Environmental agents, including the atypical bacteria, Mycoplasma pneumoniae, and ozone are known to contribute to the exacerbation of asthma. A first line of defense against inhaled challenges is the pulmonary innate immune system, which includes the surfactant proteins. We have demonstrated that SP-A binds to lipids and proteins on M. pneumoniae, a TLR2 agonist, attenuating its pathogenicity. This line of defense may be particularly important in asthma, as studies have shown that SP-A inhibits allergen-induced lymphocyte proliferation and histamine release by immune cells from asthmatic children. SP-A null mice exhibit increased susceptibility to infection and inflammation caused by bacteria and viruses, and exhibit enhanced allergic inflammation. SP-A alleles have been associated with a variety of lung diseases including oxidant injury associated with ozone exposure and a recent association with increased risk for asthma. These data imply that disease susceptibility may be associated with variants of SP-A that have altered host defense functions and offer reduced protection in the setting of environmental insults. Therefore, surfactant proteins may have multiple roles in attenuating infection and inflammation. We hypothesize that in asthma, dysfunction of SP-A, due to quantitative and functional deficiencies in the protein, is associated with reduced ability to modulate inflammation. This dysfunction results in increased allergic inflammation in asthma. We propose that the basis of dysfunction is both genetic and structural.

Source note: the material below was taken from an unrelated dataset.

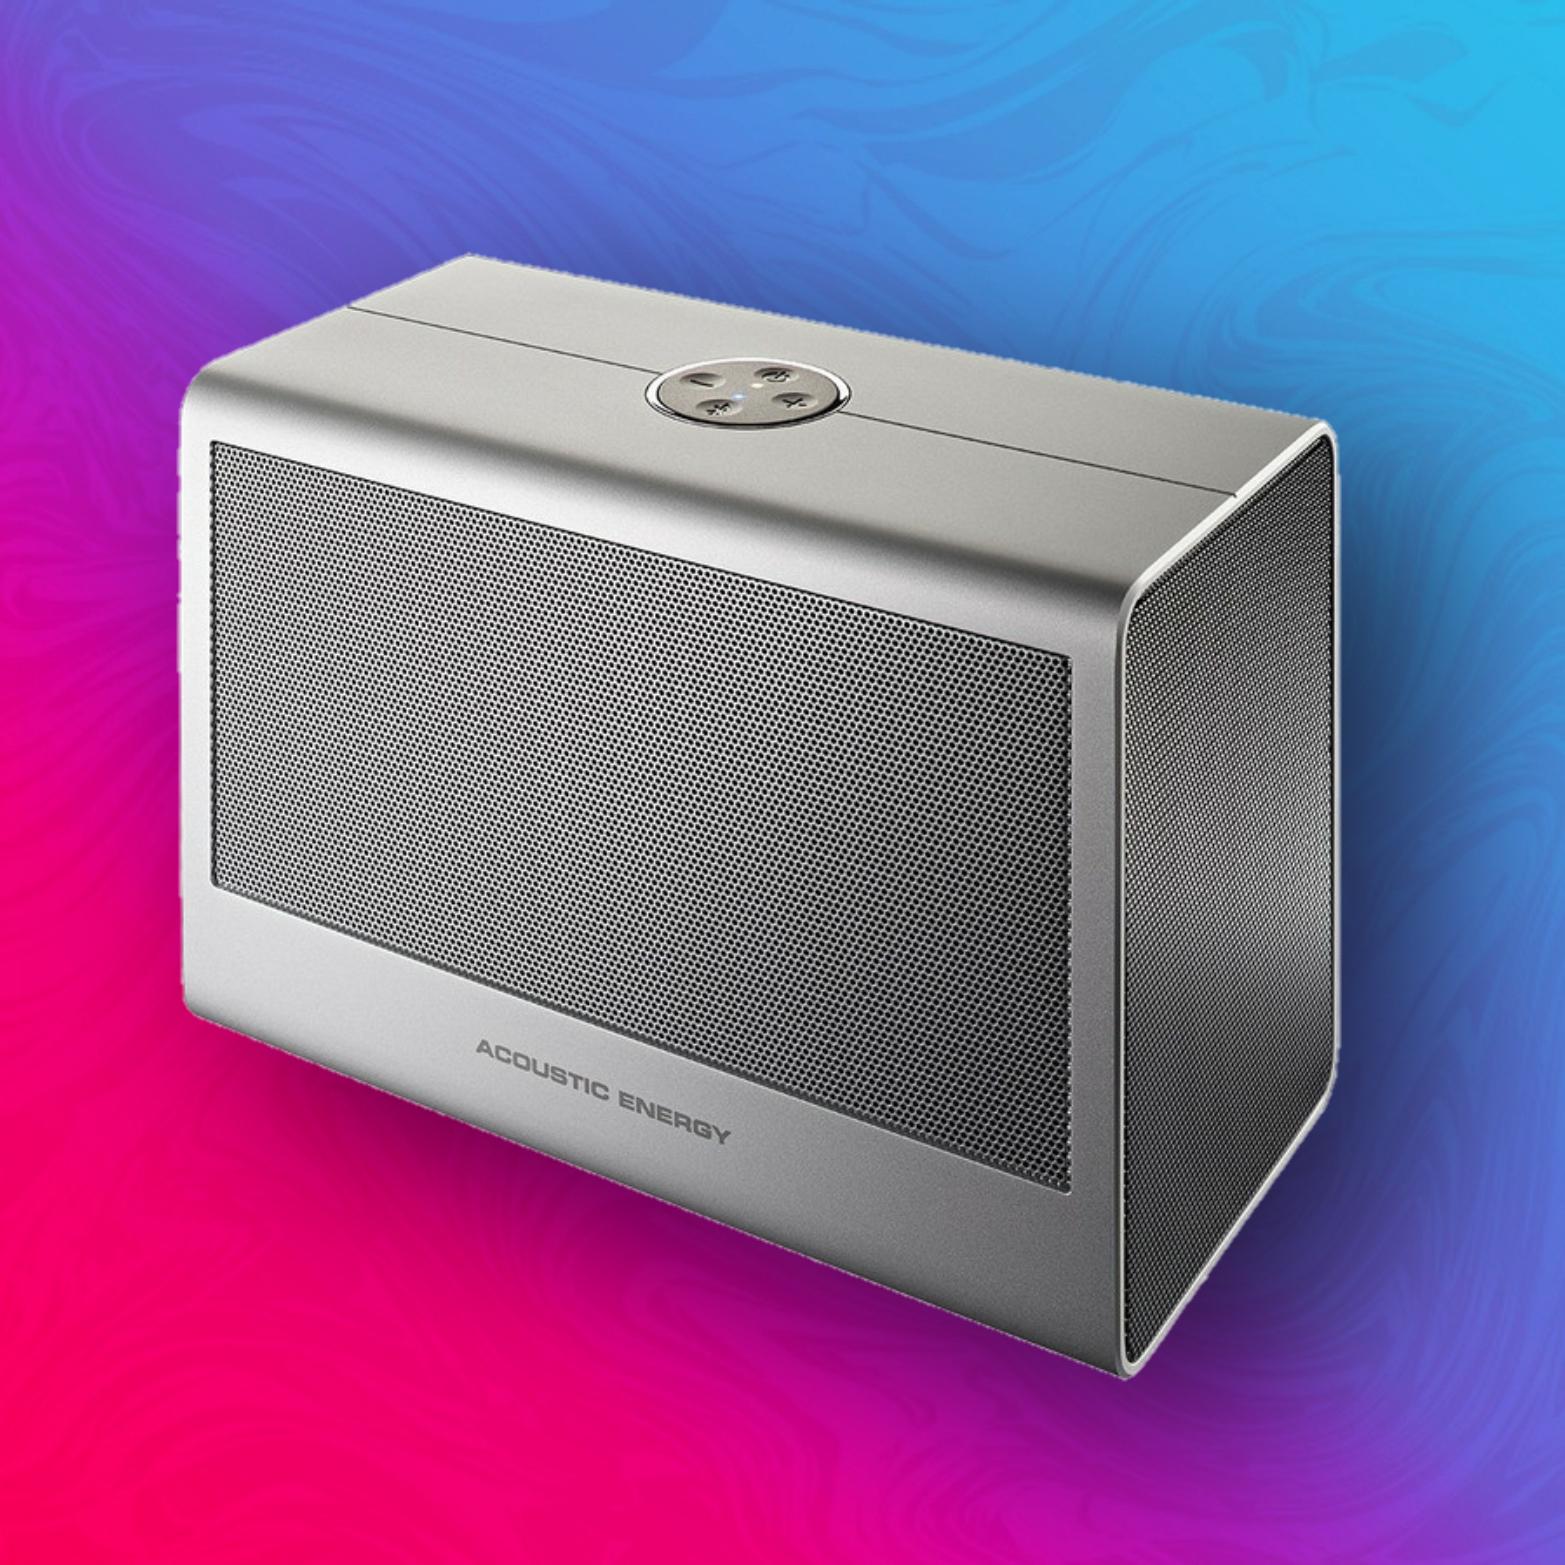 Acoustic Energy Aego BT2 Tragbarer Lautsprecher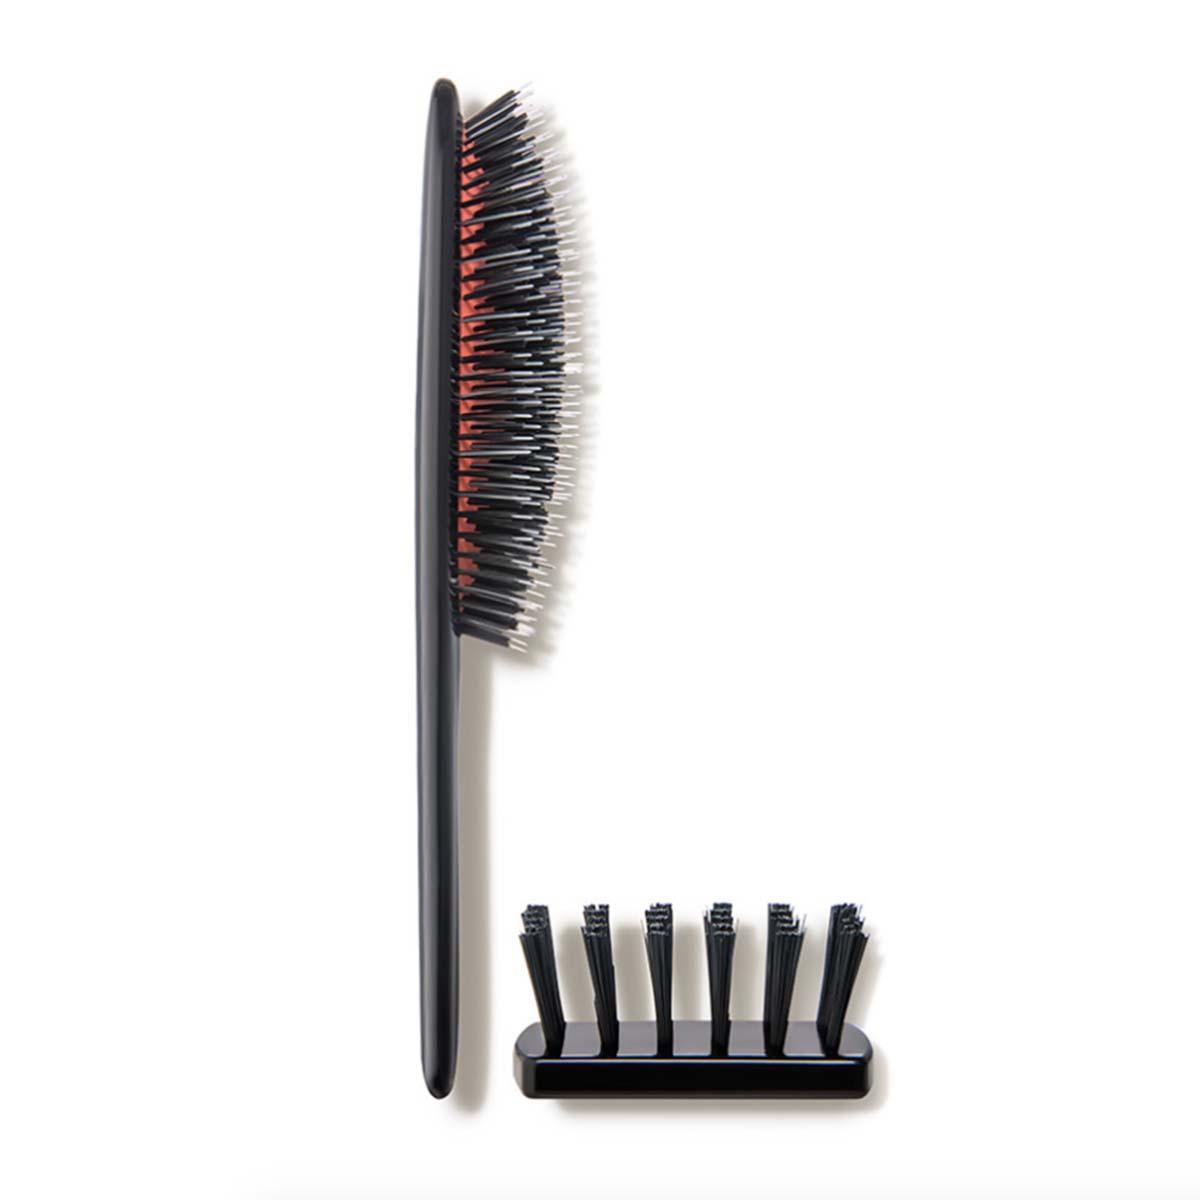 Brush and Cleaning Brush

In Aim 1, we will determine the relationship between the genotypes at the SP-A loci and the actual proteins expressed in the bronchoalveolar compartments of normal and asthmatic individuals employing a proteonomics approach.
In aim 2, we will determine the activity of SP-A isolated from normal and asthmatic subjects and specific SP-A allelic variants in the recognition of Mycoplasma pneumoniae, and the modulation of the innate immune response of human macrophages.
In specific aim 3, we will determine the activity of specific SP-A allelic variants and SP-A isolated from normal and asthmatic subjects in modulation of the immune response by airway epithelial cells to the environmental insults M. pneumoniae and ozone exposure, respectively.
This project is an integral part of the global goal of this program: to determine how SP-A modulates response to environmental insults that result in allergic airway inflammation. Project 1 will interface closely with Project 2 (Dr. Wright), as these concepts will be investigated in human and animal models of disease. Project 1 will also interface closely with Project 3 (Dr. Foster) as bronchoalveolar lavage (BAL) obtained from subjects recruited in Project 3 will be studied in Dr. Kraft's laboratory in Project 1. All projects will share a Clinical and Laboratory Core, which Drs. Sundy, Voelker and Kraft will co-direct.